First Abortion Regulations Proposed After Passage of Tennessee Amendment
By Kyle Veazey
A state House member has introduced legislation that would enact a mandatory ultrasound and waiting period for women seeking abortions, the first formally proposed restriction on abortion after this month's passage of Amendment 1.
Rep. Rick Womick, a Republican from rural Rockvale in Rutherford County, introduced House Bill 2 Thursday.
The bill would require an abortion provider to perform an ultrasound between 72 and 24 hours before the abortion. The provider must offer the woman the opportunity to view the ultrasound, or describe it to her if she chooses not to view it. It also requires that the heartbeat be made audible.
The regulations would not apply in a medical emergency. The bill defines that as a condition that would call for an immediate termination of the pregnancy due to concerns about the health of the mother.
Womick's bill was filed nine days after Tennessee voters, by a margin of 53 percent to 47 percent, approved an amendment to the state constitution that would allow legislators to enact such restrictions.
Womick introduced the same bill in 2013, but it didn't make it out of committee.
Ashley Coffield, the president and CEO of Planned Parenthood Greater Memphis, said Friday the bill "is designed to demean and shame women, and is an intrusion into women's personal lives."

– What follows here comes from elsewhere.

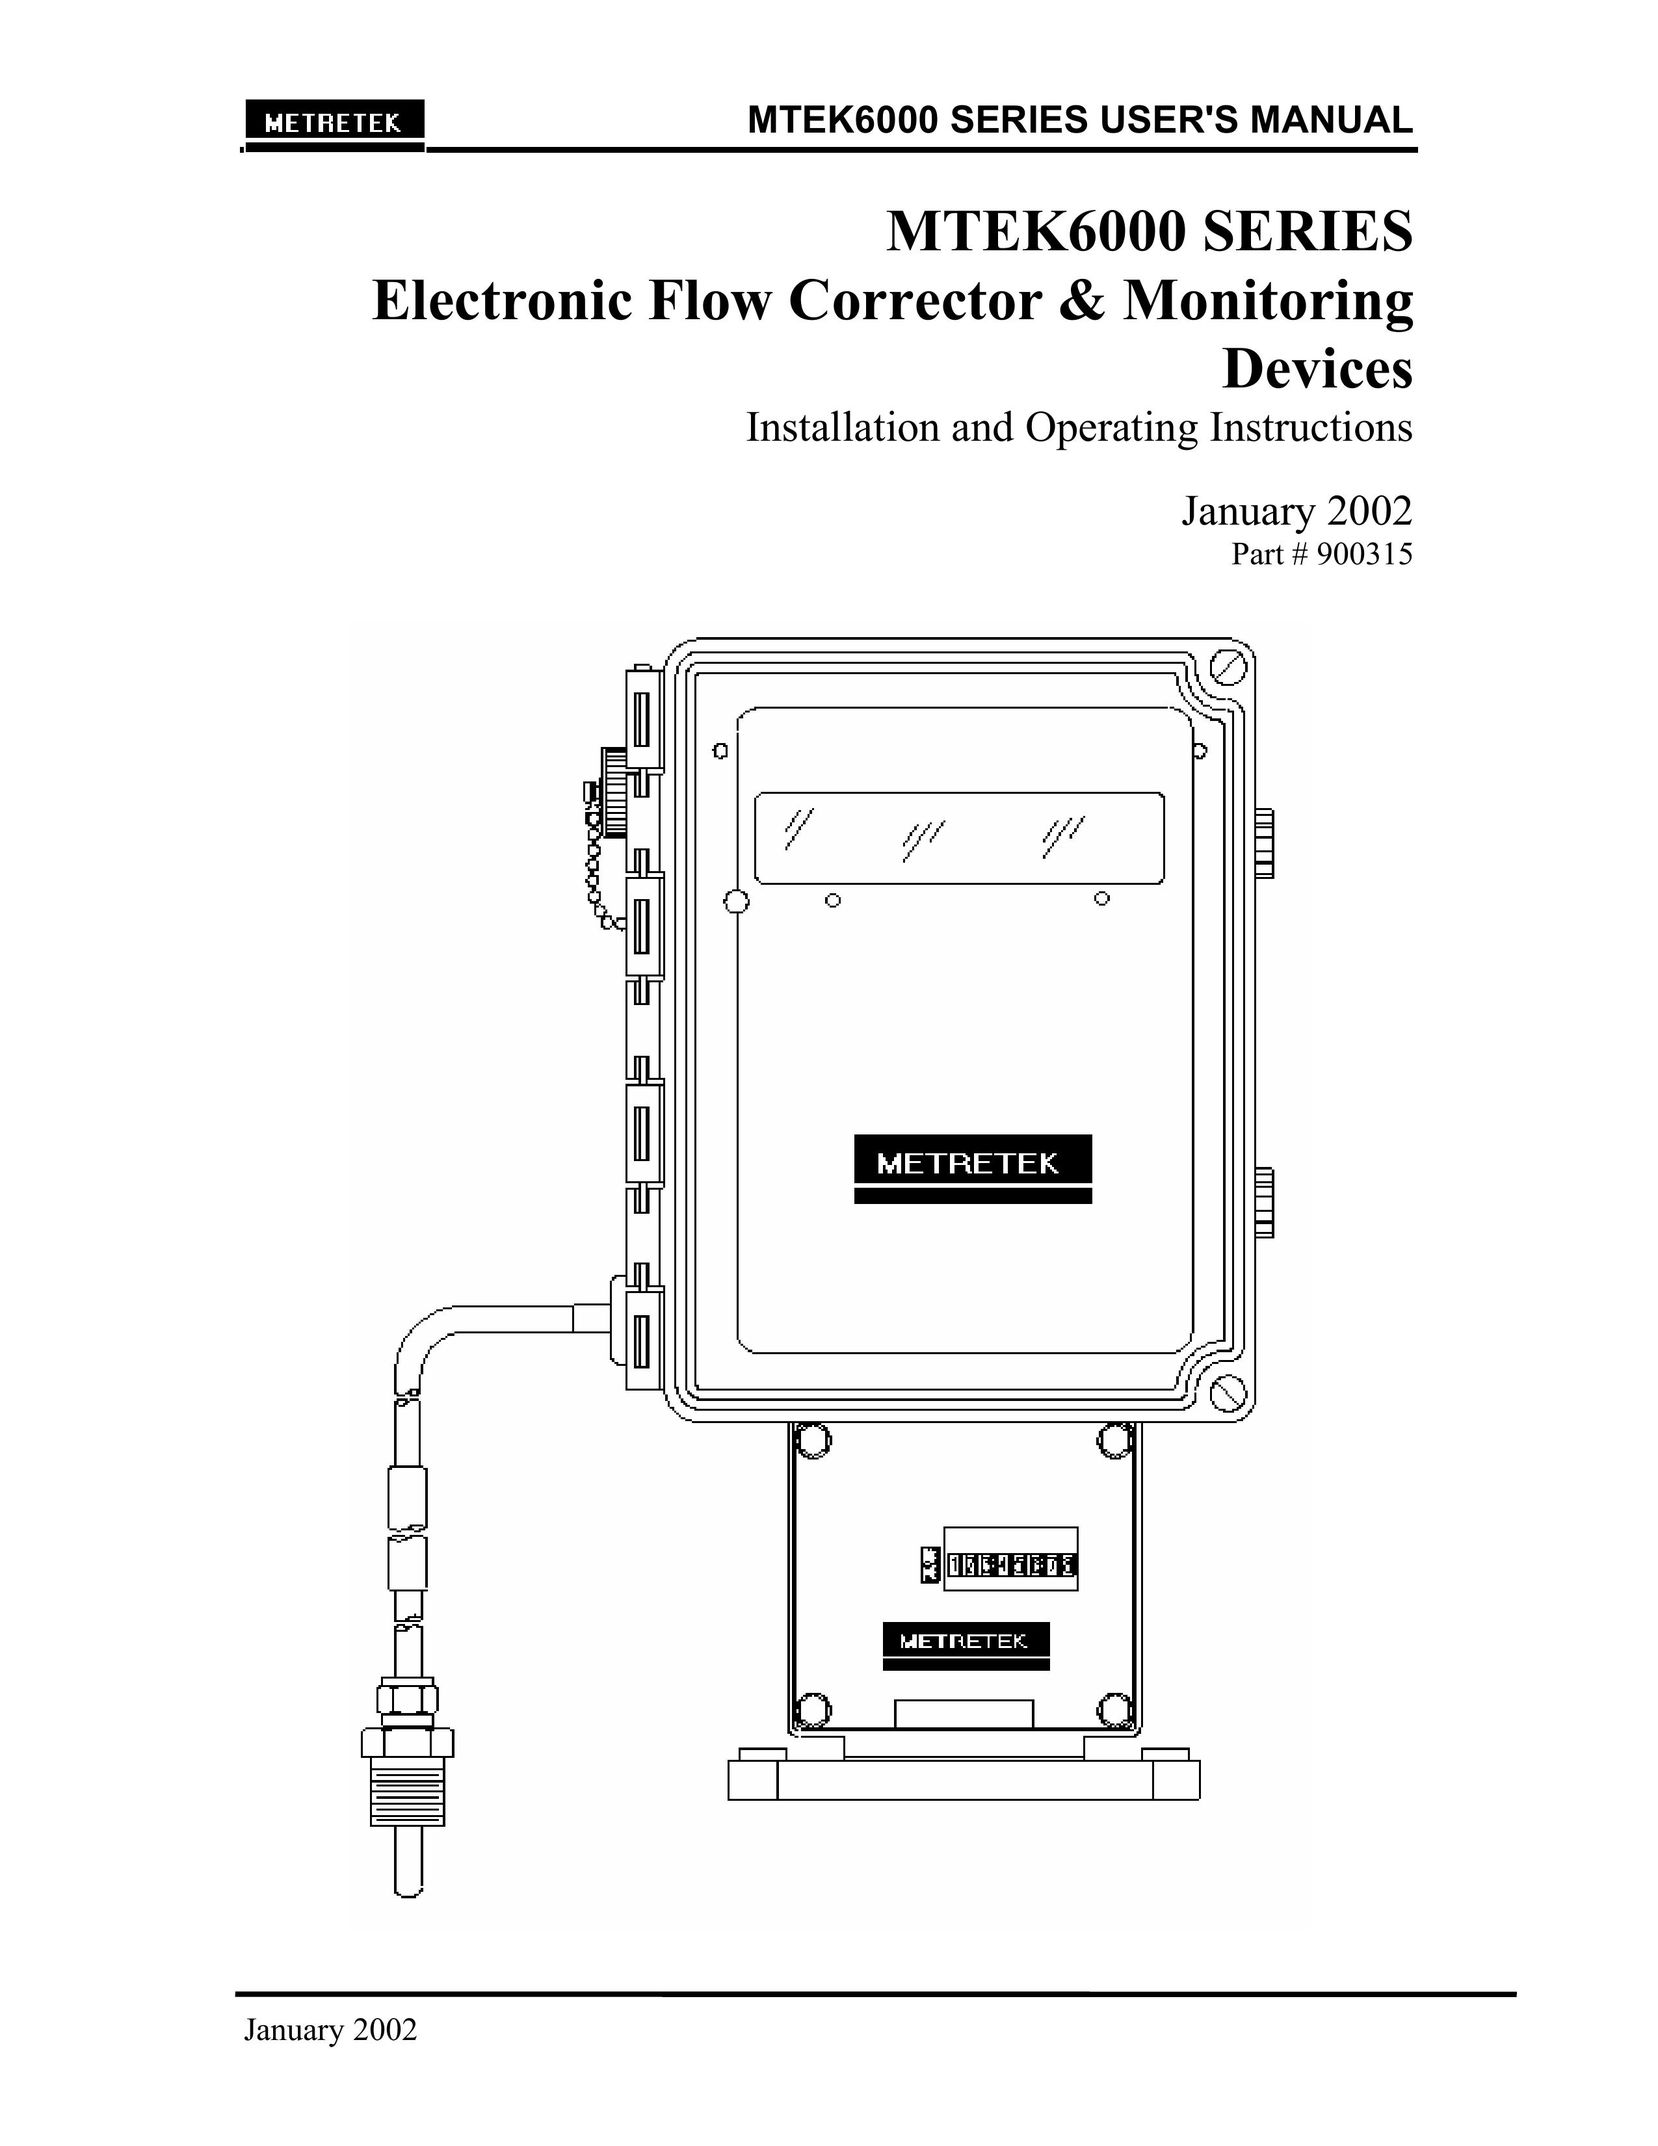 Compaq MTEK6000 Network Router User Manual

Coffield said Planned Parenthood provides women with counseling and information about their options, and, "We all want women to have the information and support they need to make a carefully considered decision about pregnancy."
Twenty-four states have some variation of a pre-abortion ultrasound regulation, according to the Kaiser Family Foundation.
Womick did not return a message or email Friday. But on election night, Nov. 4, Womick said this on Twitter: "To the ACLU and Planned Parenthood, God's people overcame your lies and money! The lives of women and the unborn will be saved in Tennessee!"
More abortion-related bills are expected before the General Assembly convenes on Jan. 13, 2015.
In a Friday email, Tennessee Right to Life president Brian Harris said his group's focus would be on "restoring several common-sense provisions including informed consent for women and girls considering abortion, a short waiting period to prevent coerced abortion and, most importantly, a requirement that abortion facilities be licensed and inspected."